Bramkarz Legii nie ukrywa, że selekcjoner Słowacji Vladimir Weiss wypytywał go o polskich piłkarzy.
- Na kilka minut zamieniłem się w szpiega - uśmiecha się Mucha. - Wskazałem nazwiska trzech piłkarzy, na których trzeba uważać. To Błaszczykowski, Brożek i Roger. Dużo o nich opowiadałem - zdradza.
Przed meczem z Polską największym zmartwieniem Słowaków jest zestawienie linii obrony.
- W spotkaniu z San Marino czerwoną kartkę dostał stoper Roman Kratochvil - opowiada. - Jego miejsce zajmie Miro Karhan, który normalnie występuje jako defensywny pomocnik. Być może na środku obrony pojawi się Radek Zabavnik, powołany w ostatniej chwili.
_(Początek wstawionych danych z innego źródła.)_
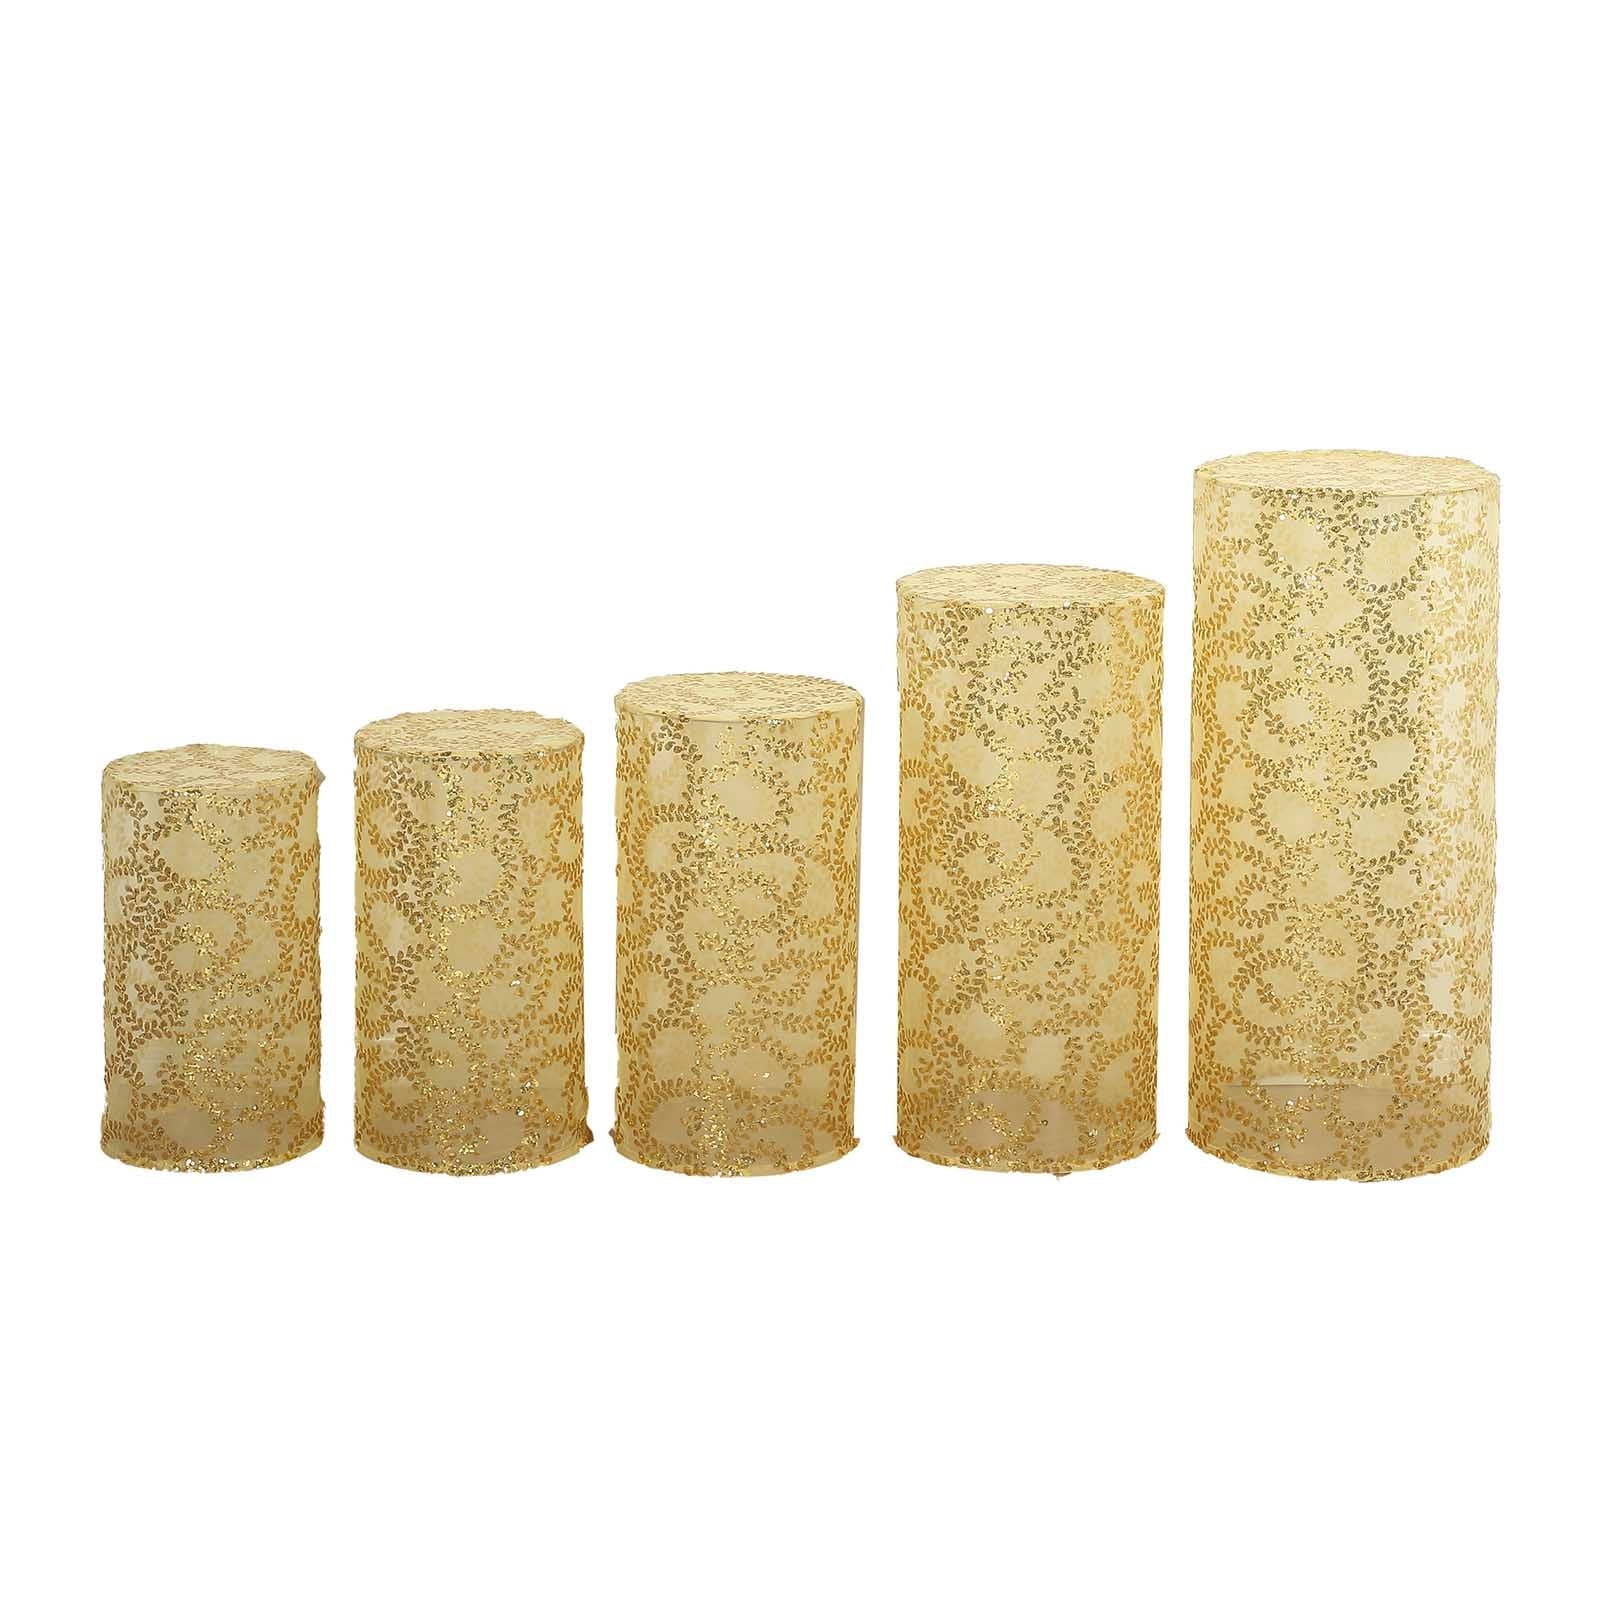 5 Sequin Mesh Cylinder Display Box Stand Covers with Leaf Vine Embroidery PROP_BOX_006_02_FLOR_GOLD

Jakby tych kłopotów było mało, to jeszcze rozchorował się Marek Sapara. Dopadł go wirus i przez kilka dni leżał w łóżku - zdradza.
Na Słowacji oczekują wygranej z Polską. Jednak Mucha jest bardziej ostrożny i typuje remis.
- Przed wyjazdem koledzy rzucili do mnie: "Janek, nic się nie martw, wygramy dla ciebie" - mówi. - Zagramy na luzie, bo chcemy w tej grupie namieszać. Polska jest faworytem, a my nie mamy nic do stracenia - zapowiada bramkarz słowackiej kadry.